Data shown:
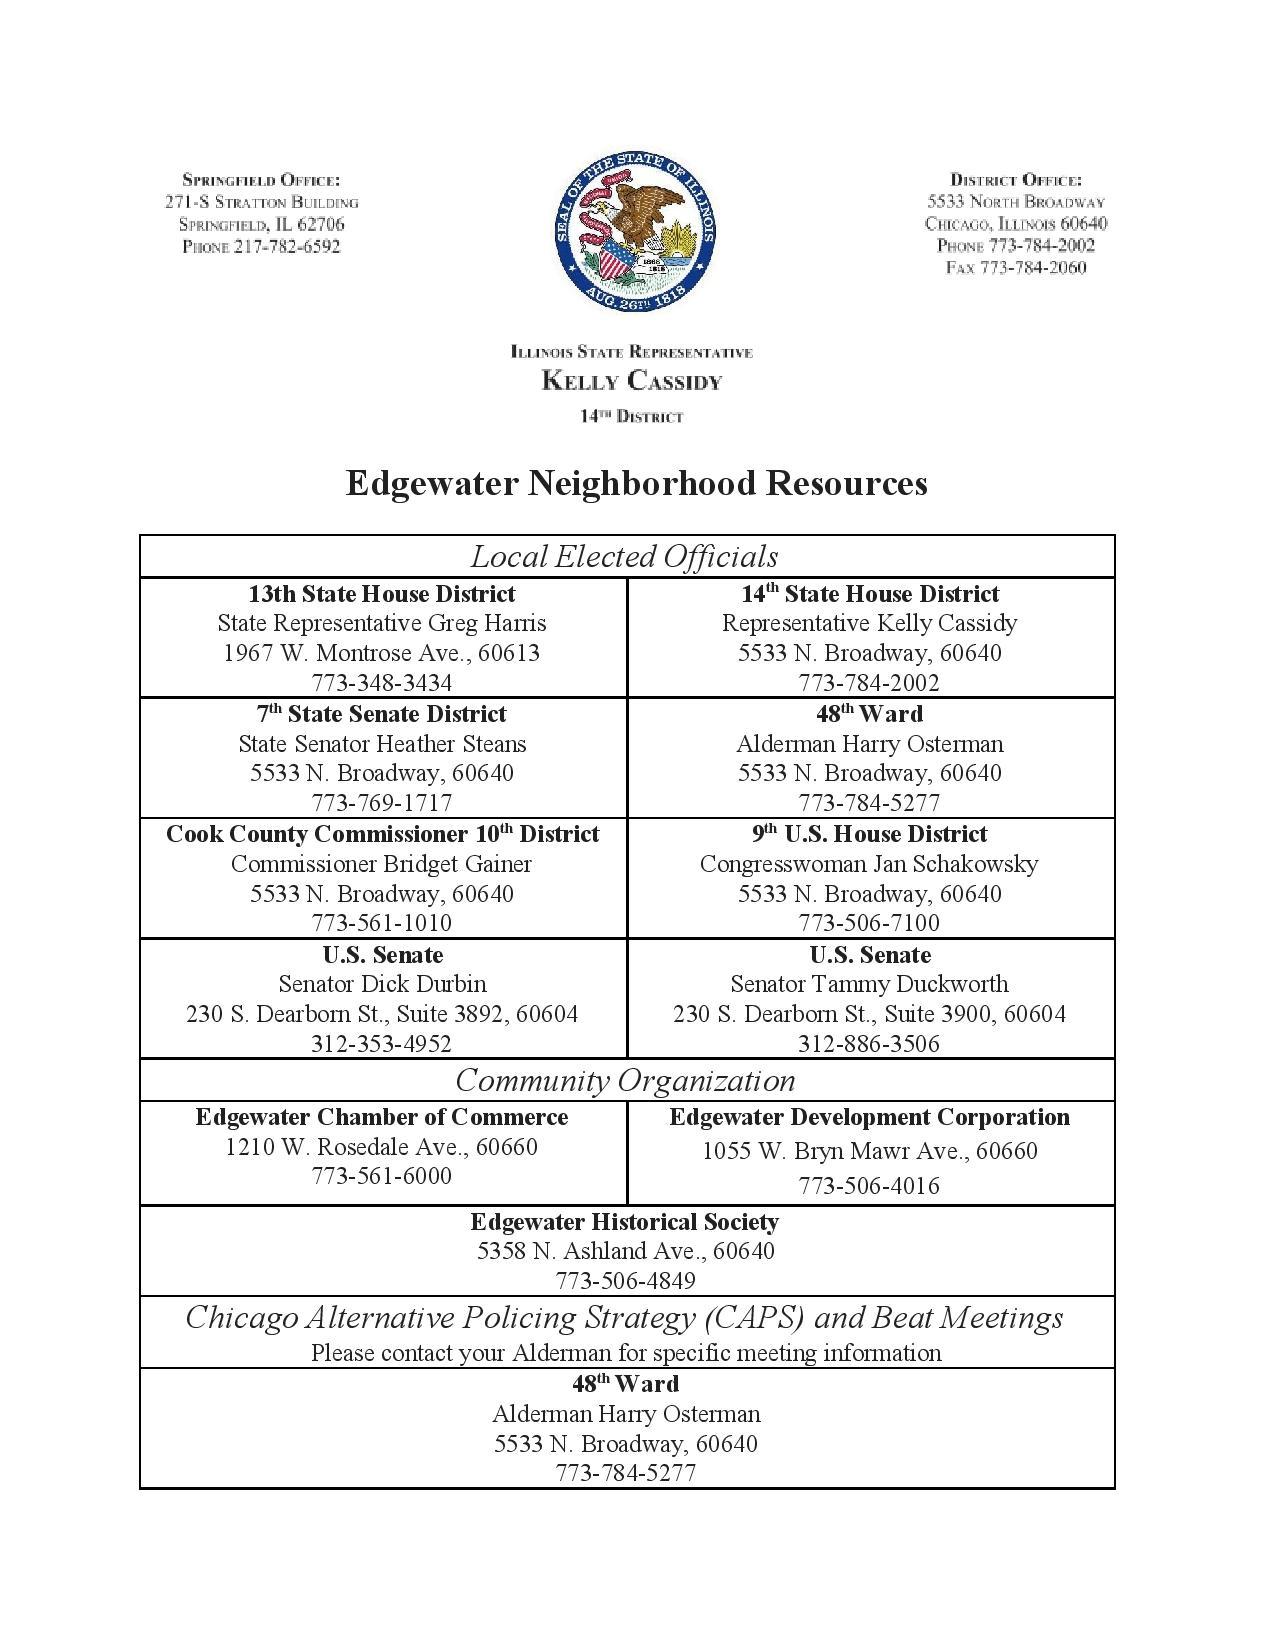 Edgewater Neighborhood Resources-page-001.jpg
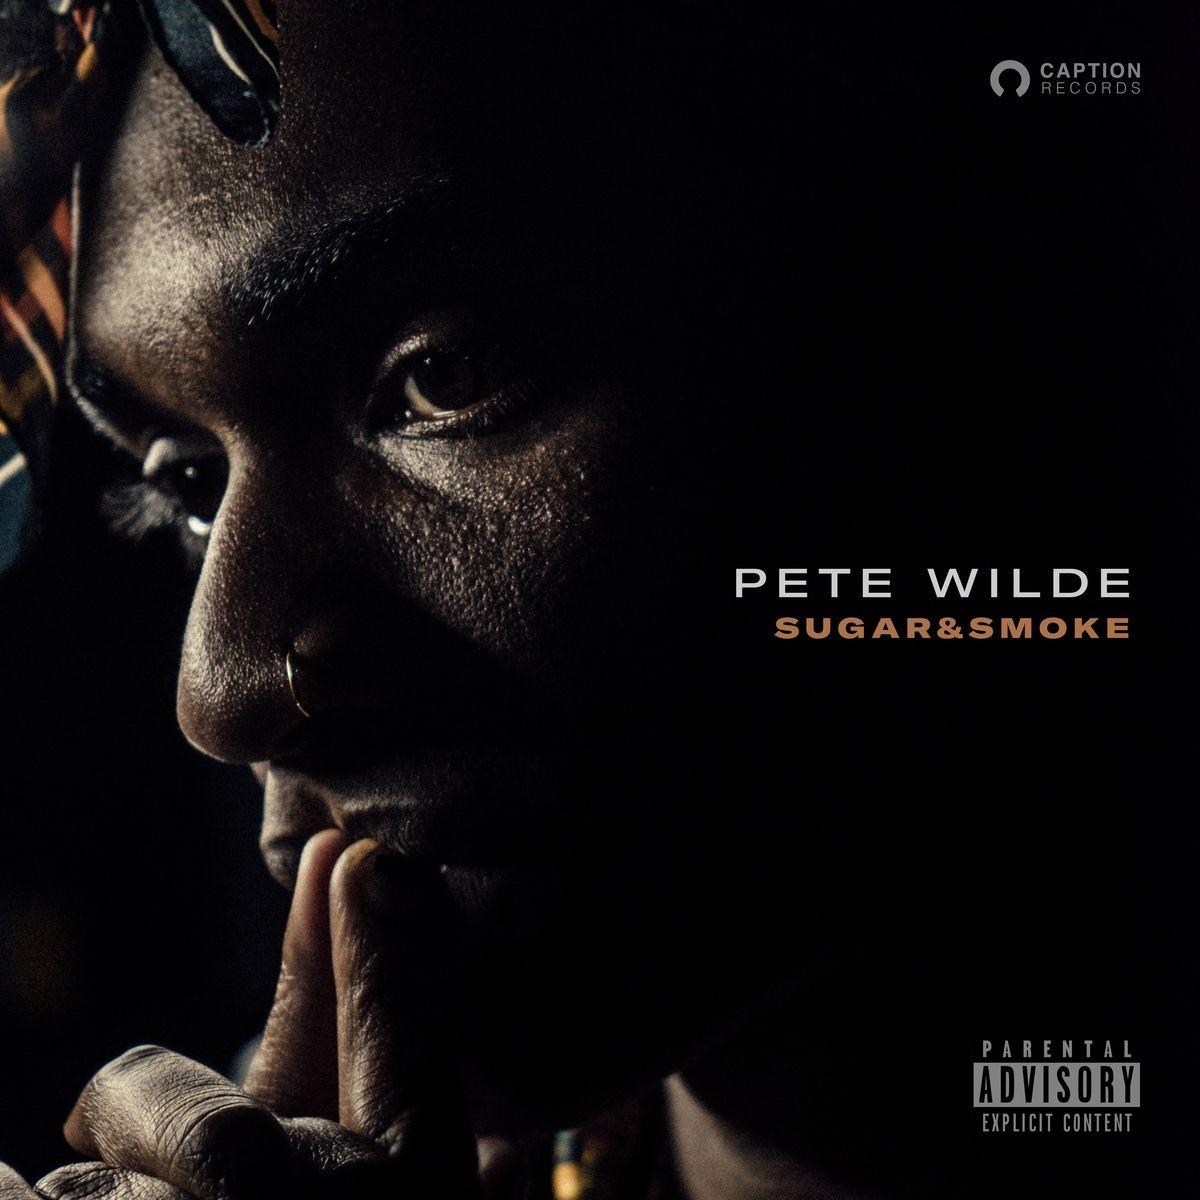 Pete-Wilde-Sugar-and-Smoke
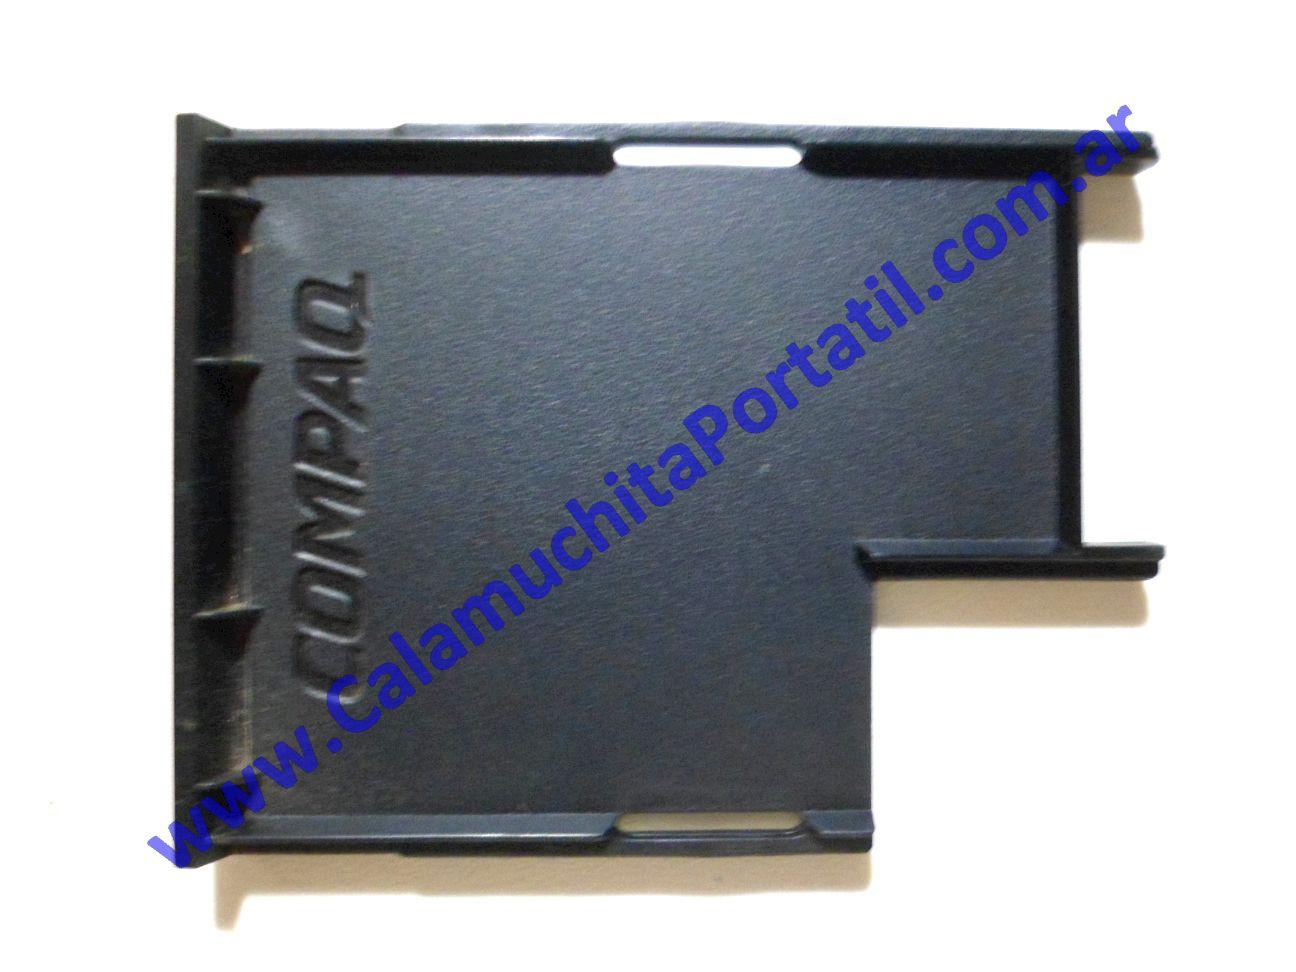 0141XPP Protector PCMCIA Compaq Presario V3500 / V3718LA
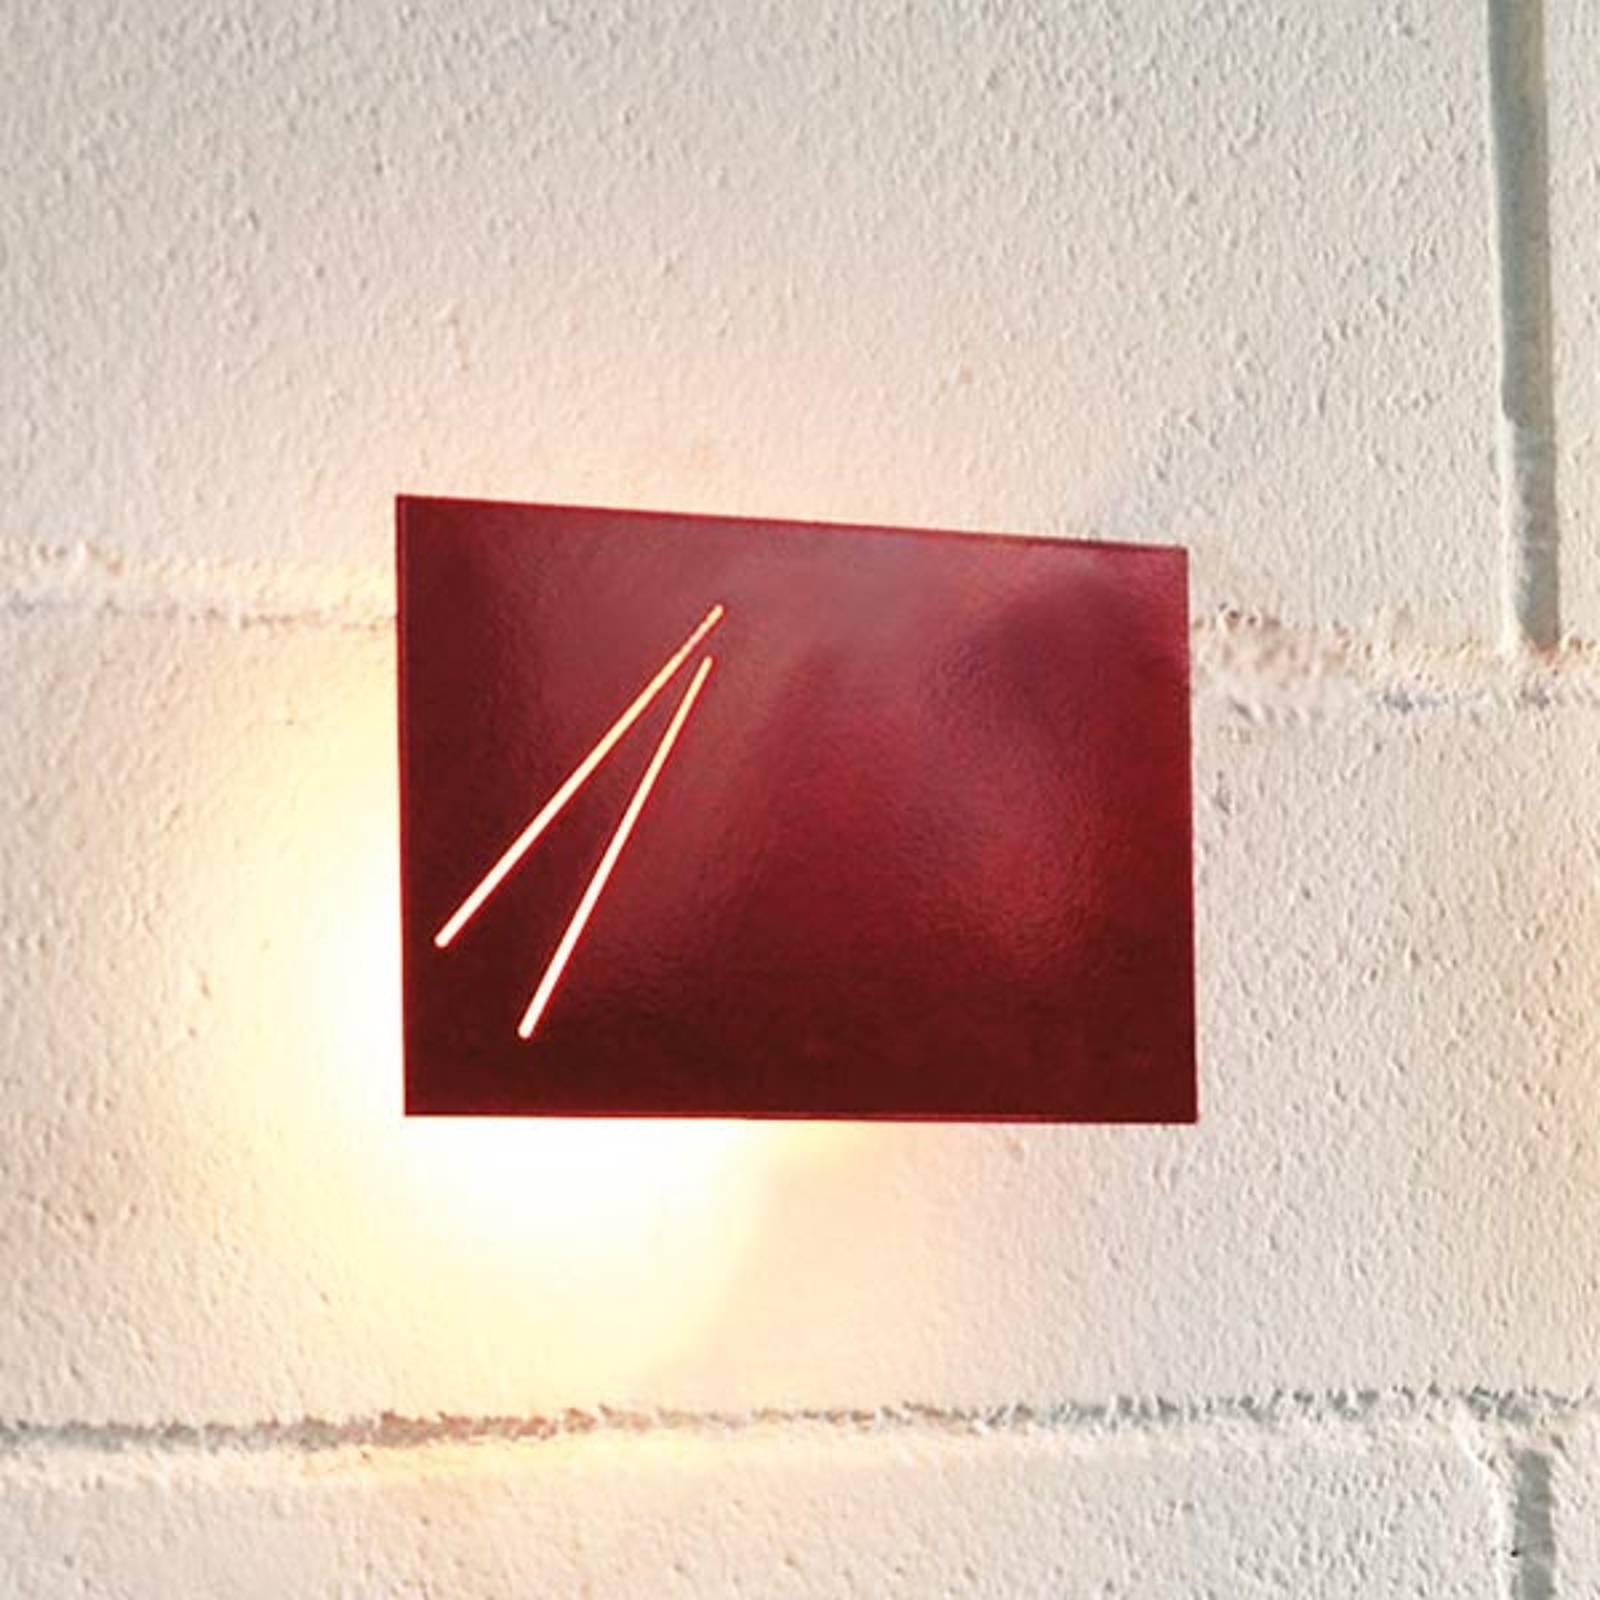 Des.agn - Italiaanse designer wandlamp, rood

Task to complete:
Reproduce the data verbatim and omit each image.

Answer box:
 Edgewater Neighborhood Resources-page-001.jpg
 Pete-Wilde-Sugar-and-Smoke
 0141XPP Protector PCMCIA Compaq Presario V3500 / V3718LA
 Des.agn - Italiaanse designer wandlamp, rood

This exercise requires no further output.